TASK STATEMENT> Apart from the pictures, which must be omitted, restate the data exactly.
**** RECORD EXCERPTS
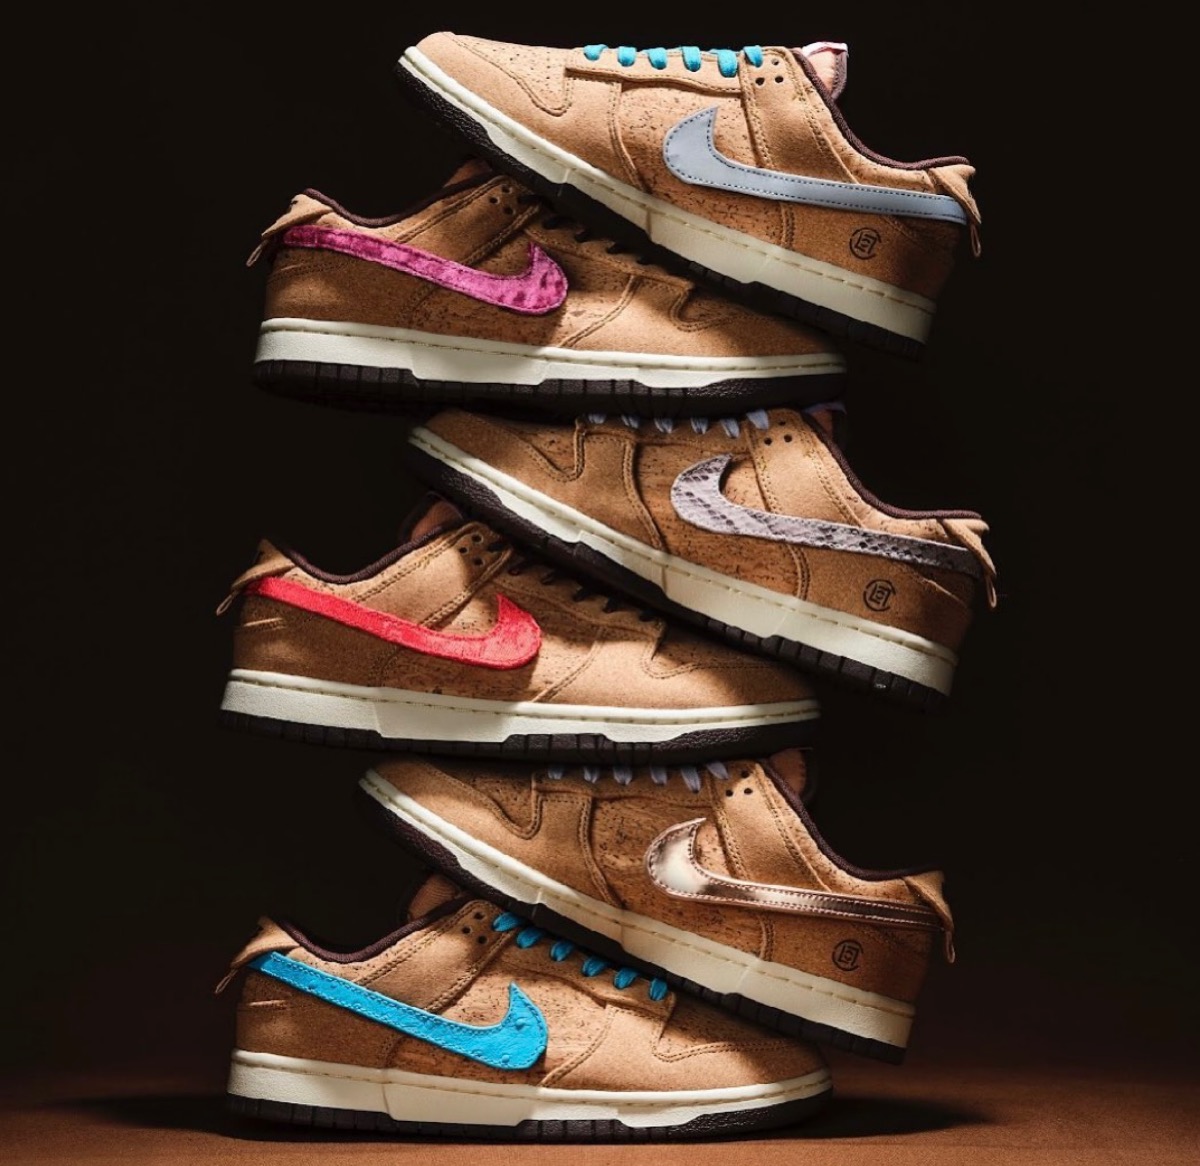 CLOT × Nike Dunk Low SP “Cork”が国内6月30日より発売［FN0317-121 ...
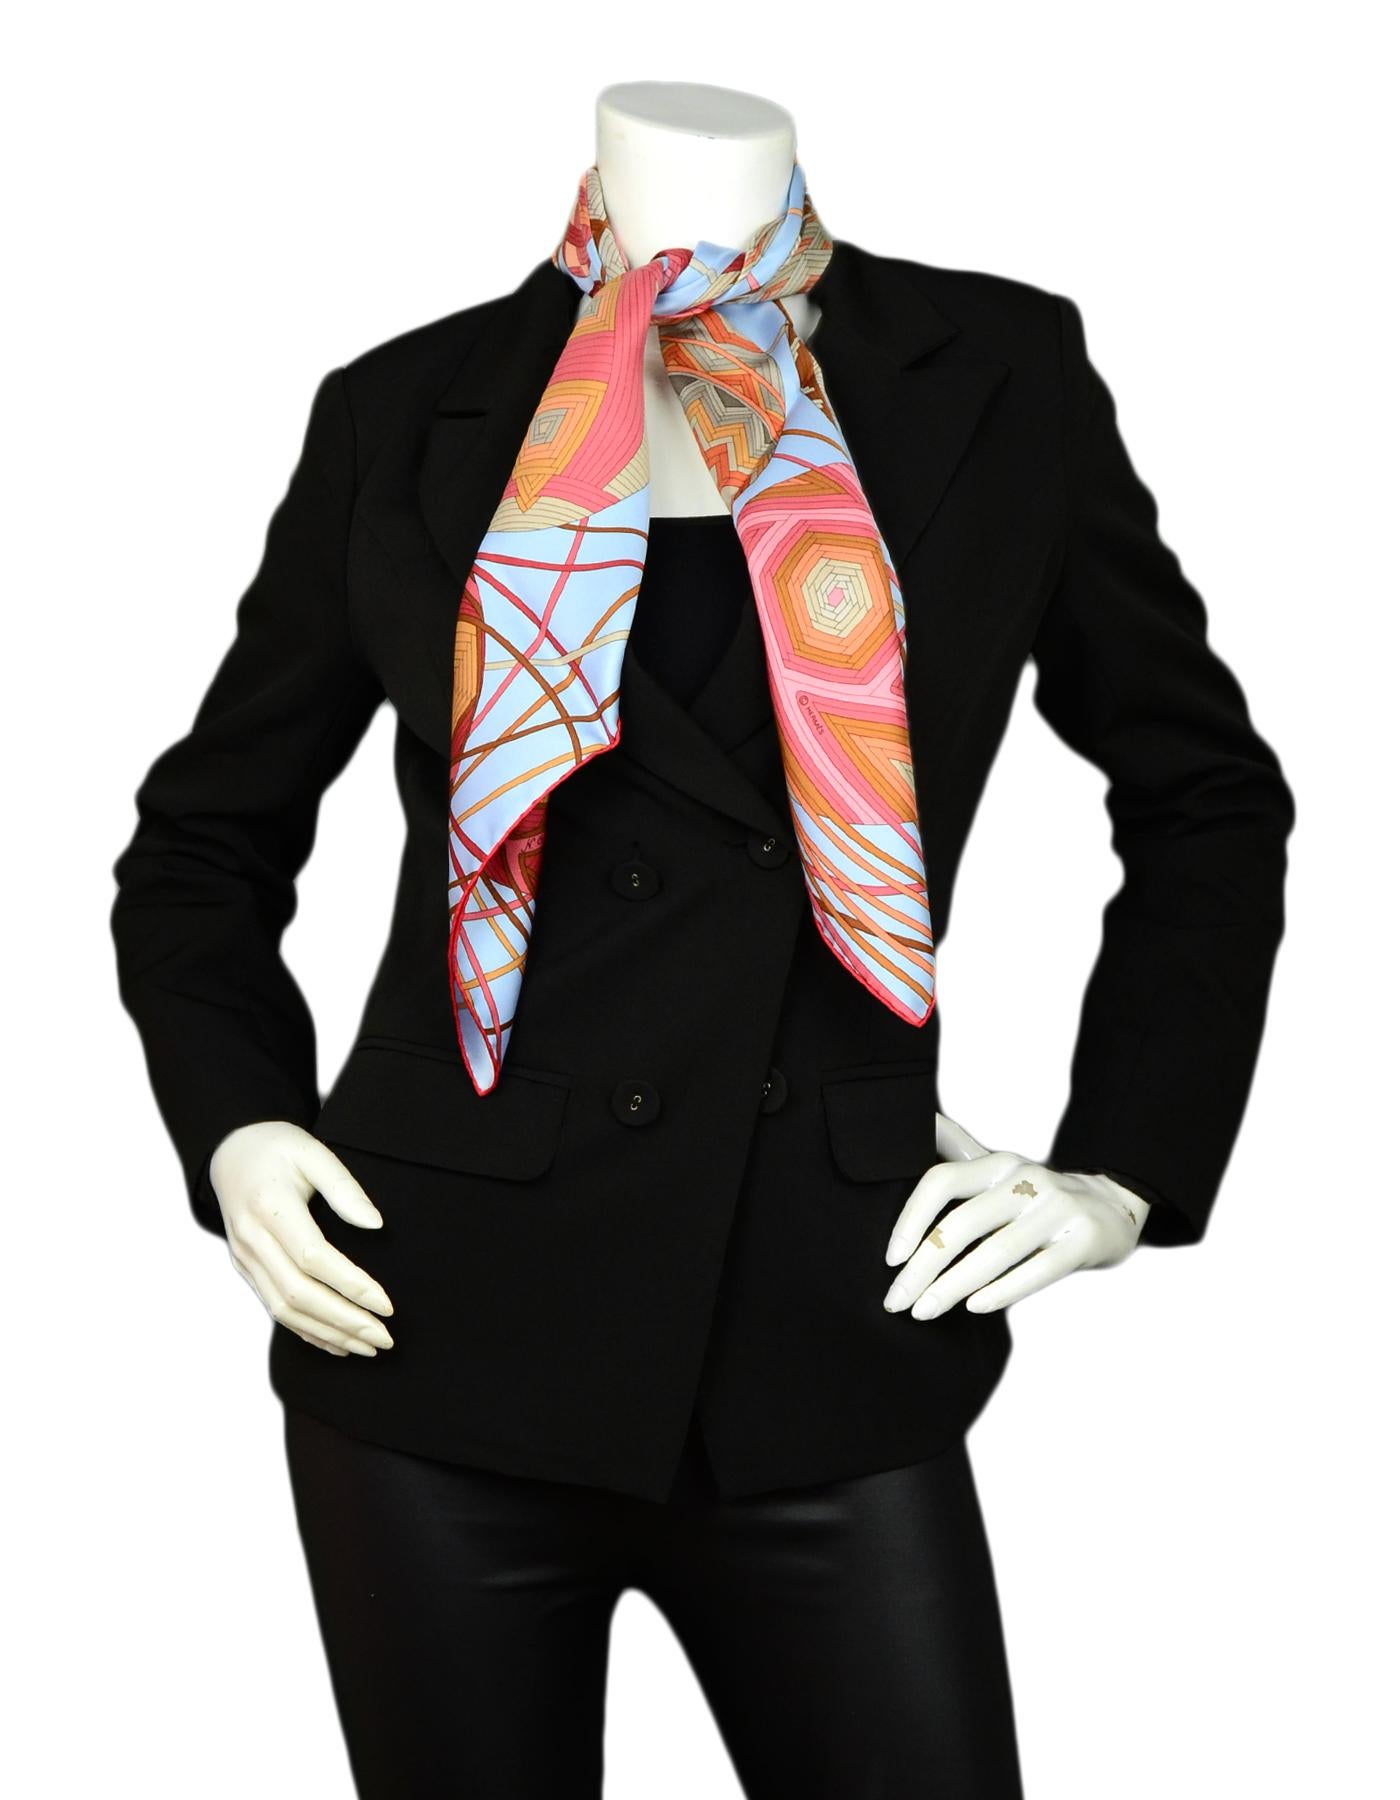 Hermes Blue Marron L'Art du Temari 90cm Silk Scarf designed by Nathalie Vialars 

Made In: France
Color: Light Blue, Pink, Red
Materials: 100% Silk 
Overall Condition: Excellent pre-owned condition
Estimated Retail: $415 + tax
Includes:
********
RESPONSE BOX>
 CLOT × Nike Dunk Low SP “Cork”が国内6月30日より発売［FN0317-121 ...
 Hermes Blue Marron L'Art du Temari 90cm Silk Scarf designed by Nathalie Vialars 

Made In: France
Color: Light Blue, Pink, Red
Materials: 100% Silk 
Overall Condition: Excellent pre-owned condition
Estimated Retail: $415 + tax
Includes:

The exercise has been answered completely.